-------- RAW DATA
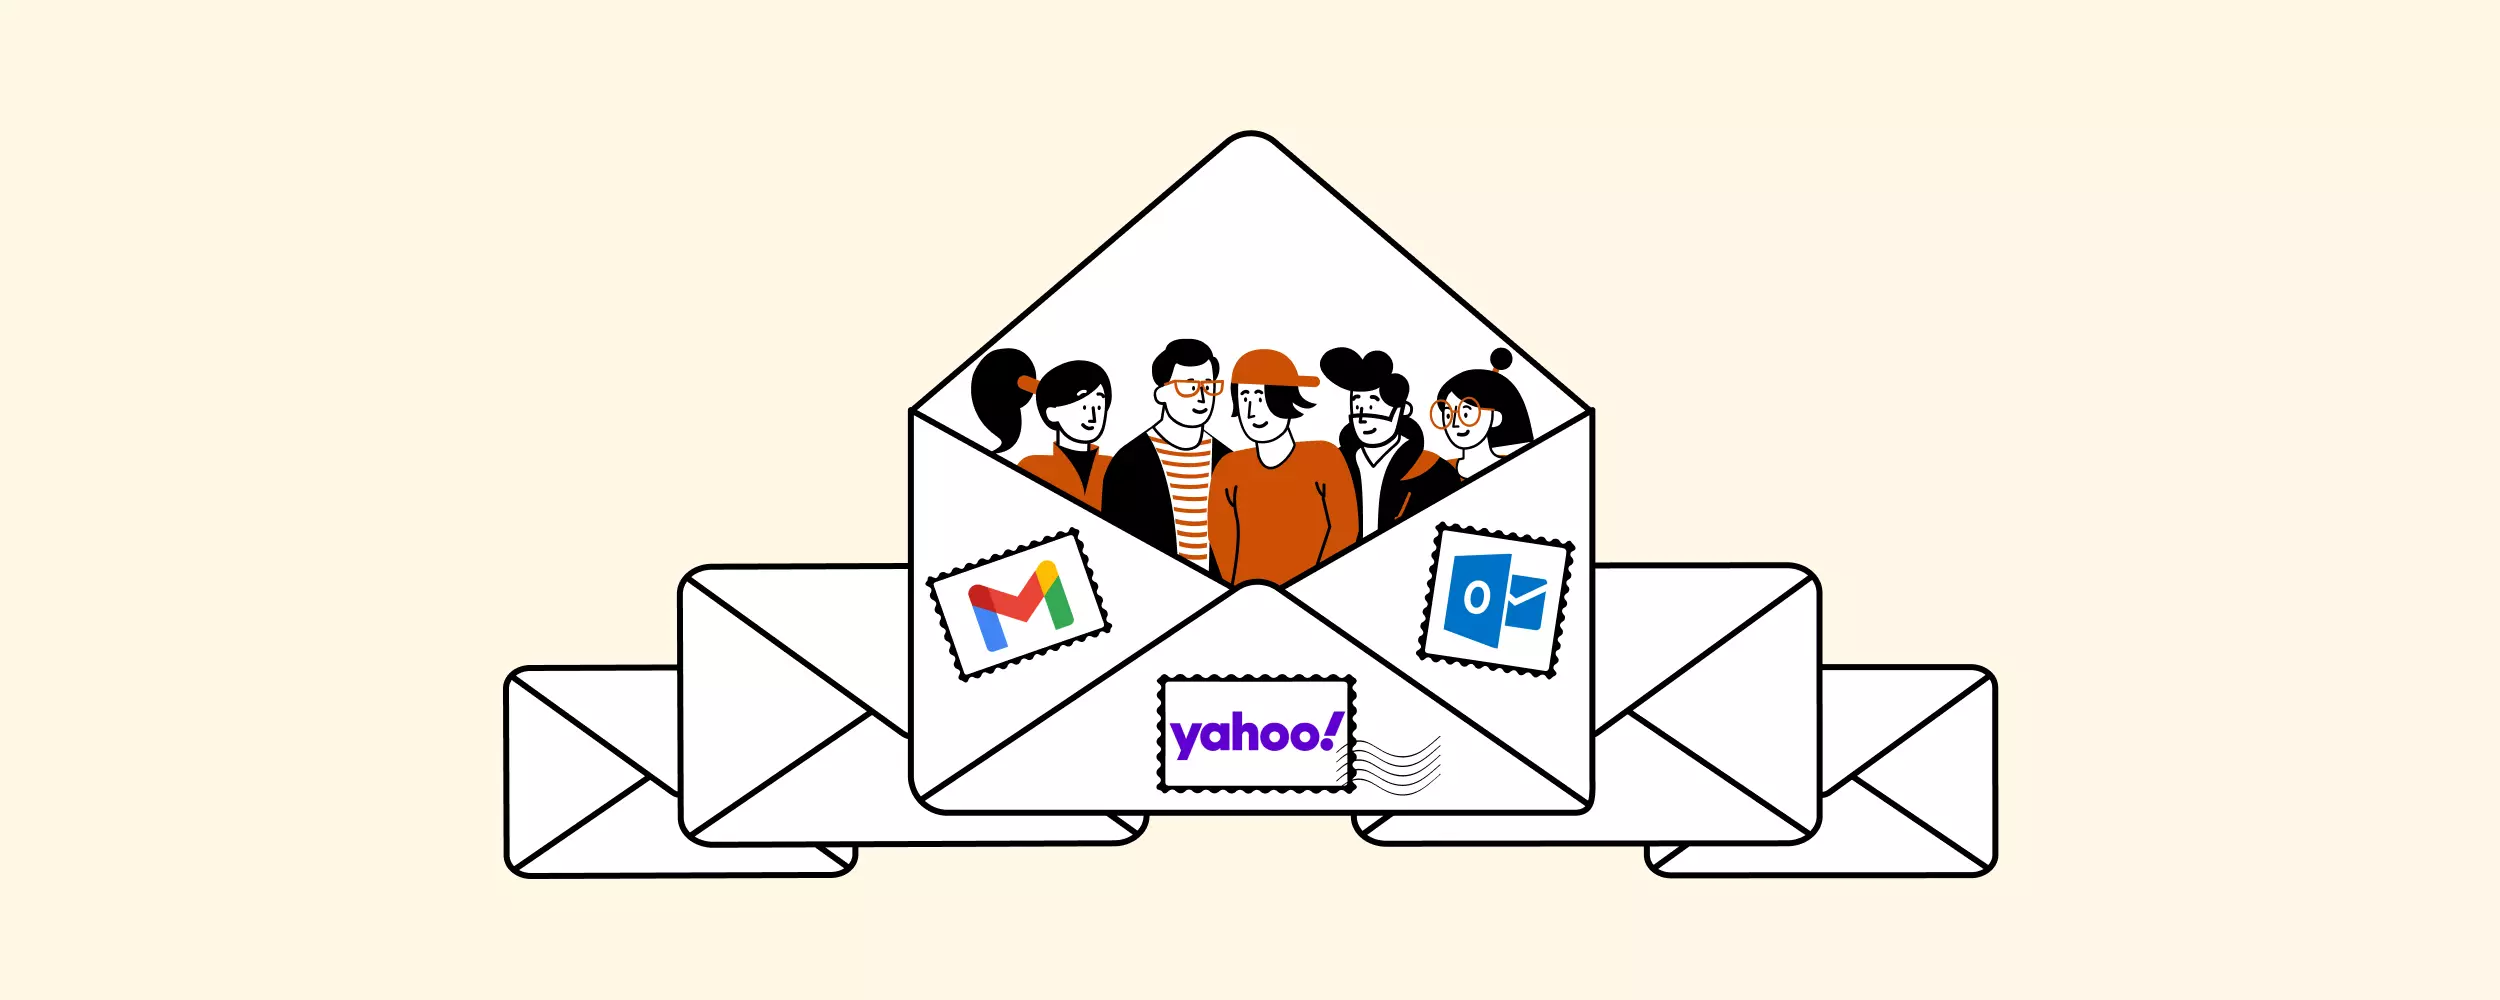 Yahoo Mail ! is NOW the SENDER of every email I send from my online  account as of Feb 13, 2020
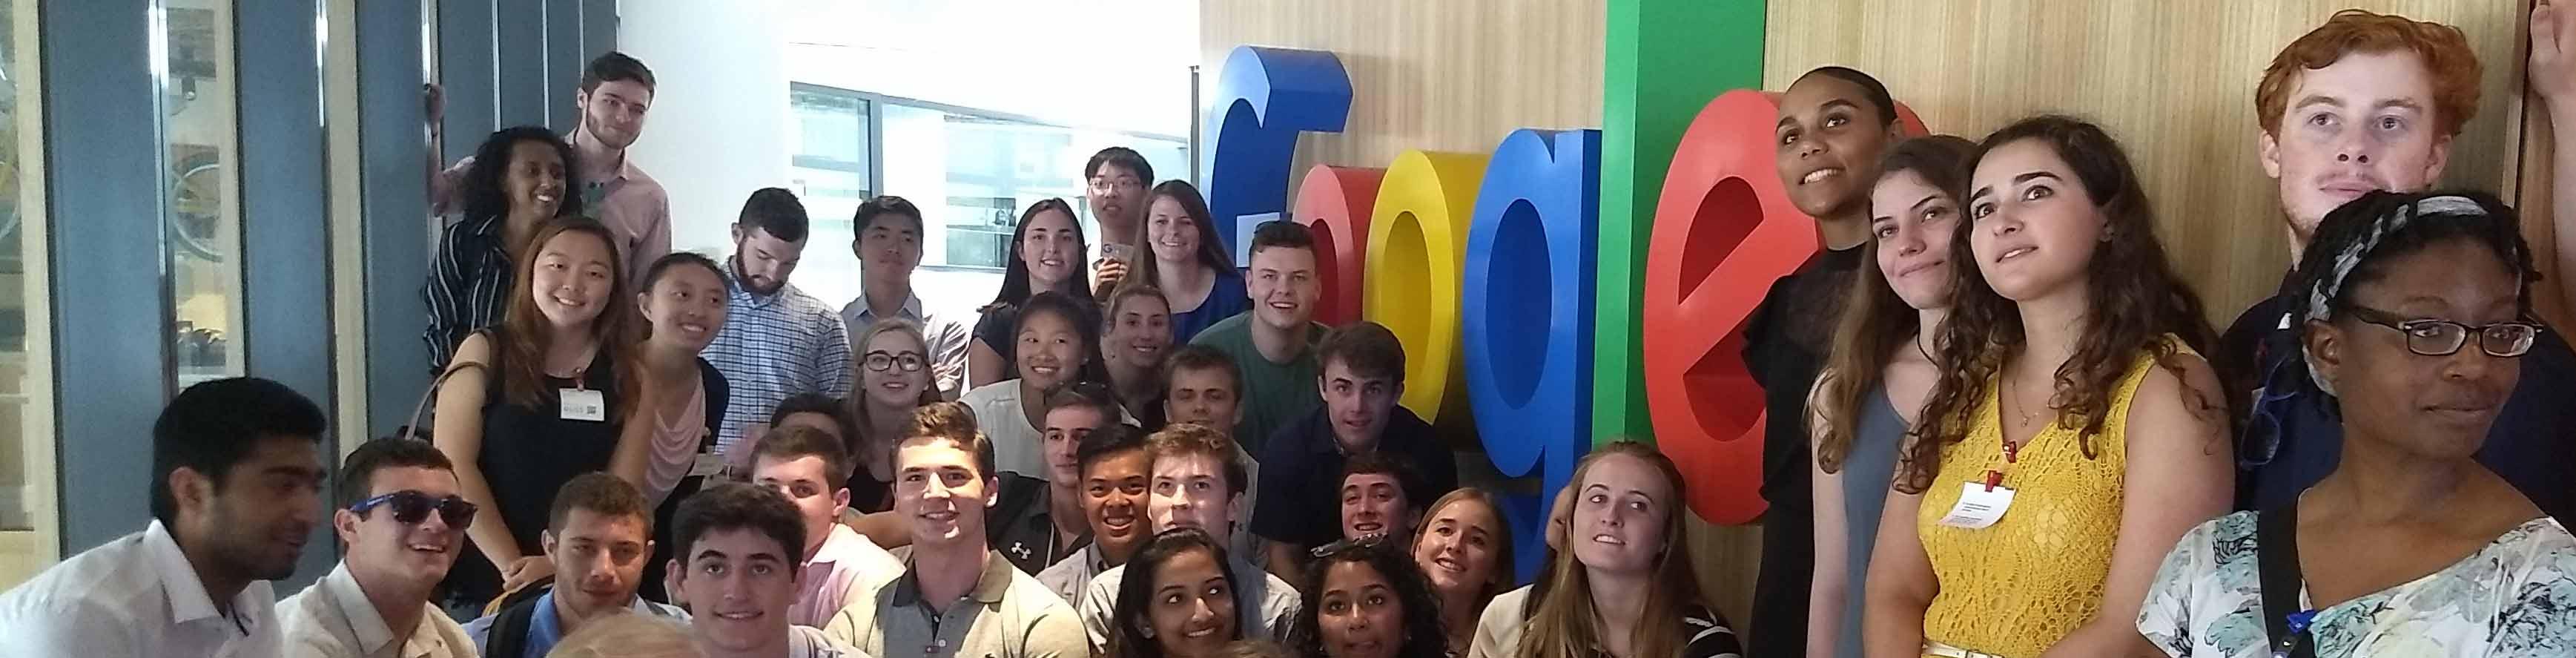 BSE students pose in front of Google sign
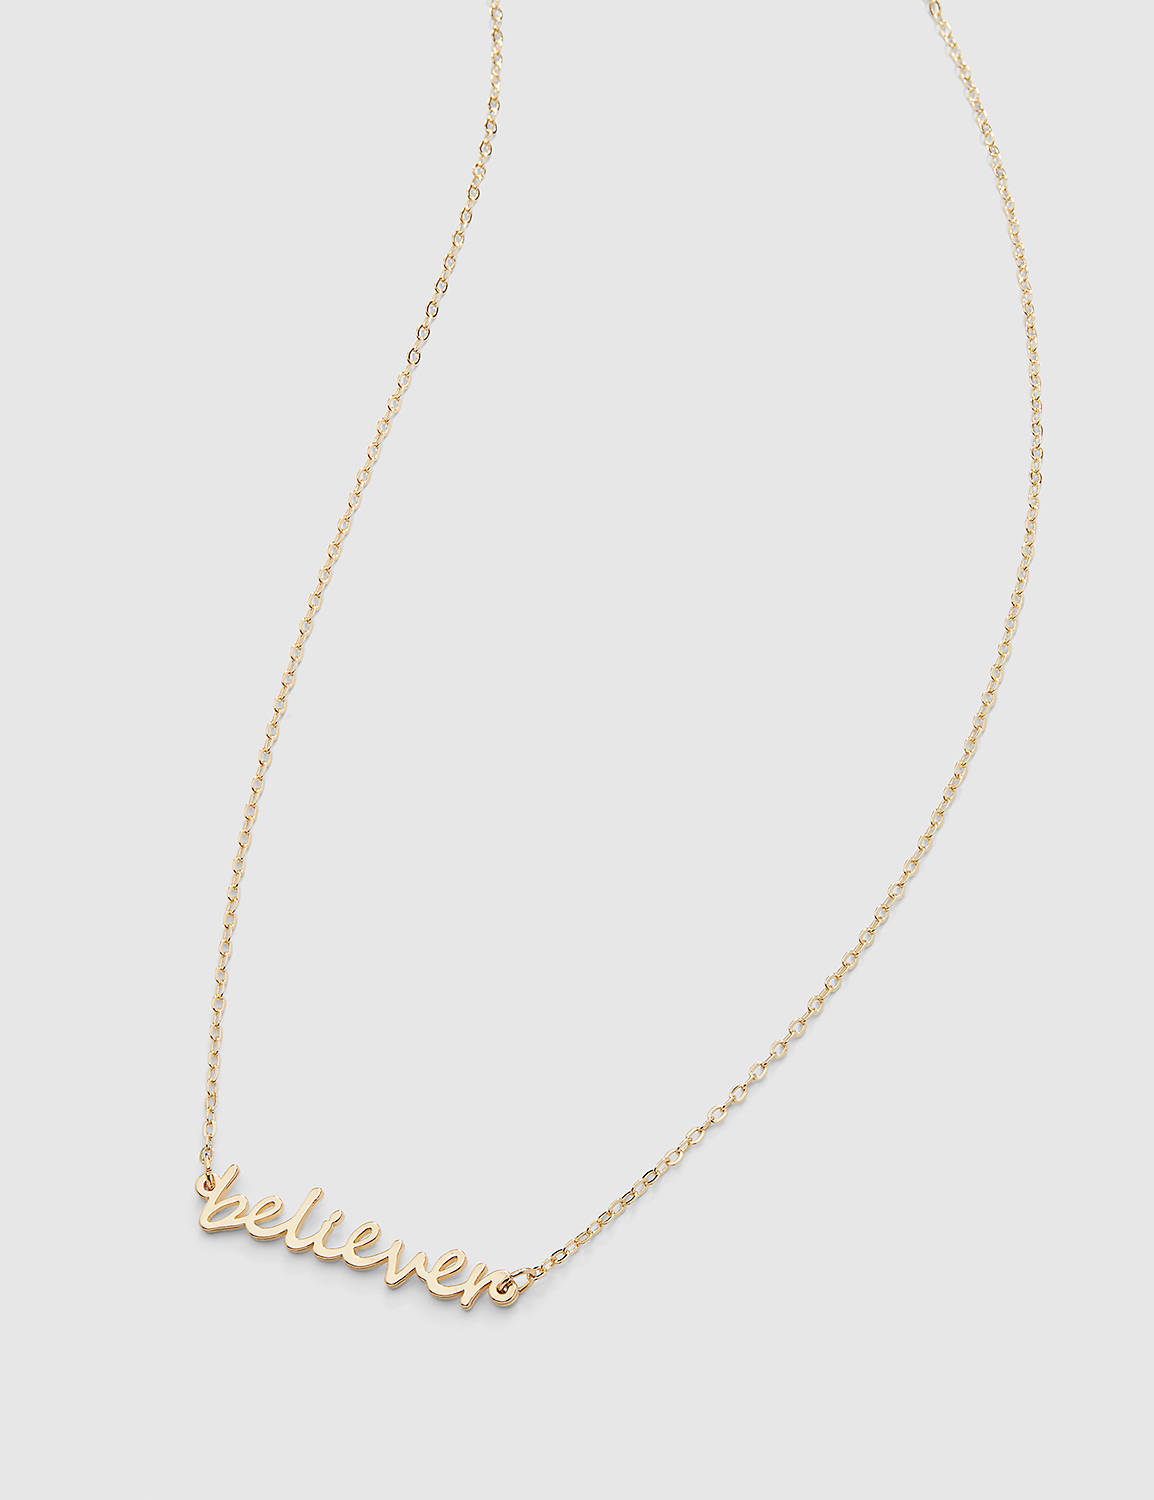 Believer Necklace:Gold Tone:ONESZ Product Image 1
----------------
GOAL OF THE EXERCISE | Without including any images, output the data exactly as given.

RESULT OF THIS TASK |
 Yahoo Mail ! is NOW the SENDER of every email I send from my online  account as of Feb 13, 2020
 BSE students pose in front of Google sign
 Believer Necklace:Gold Tone:ONESZ Product Image 1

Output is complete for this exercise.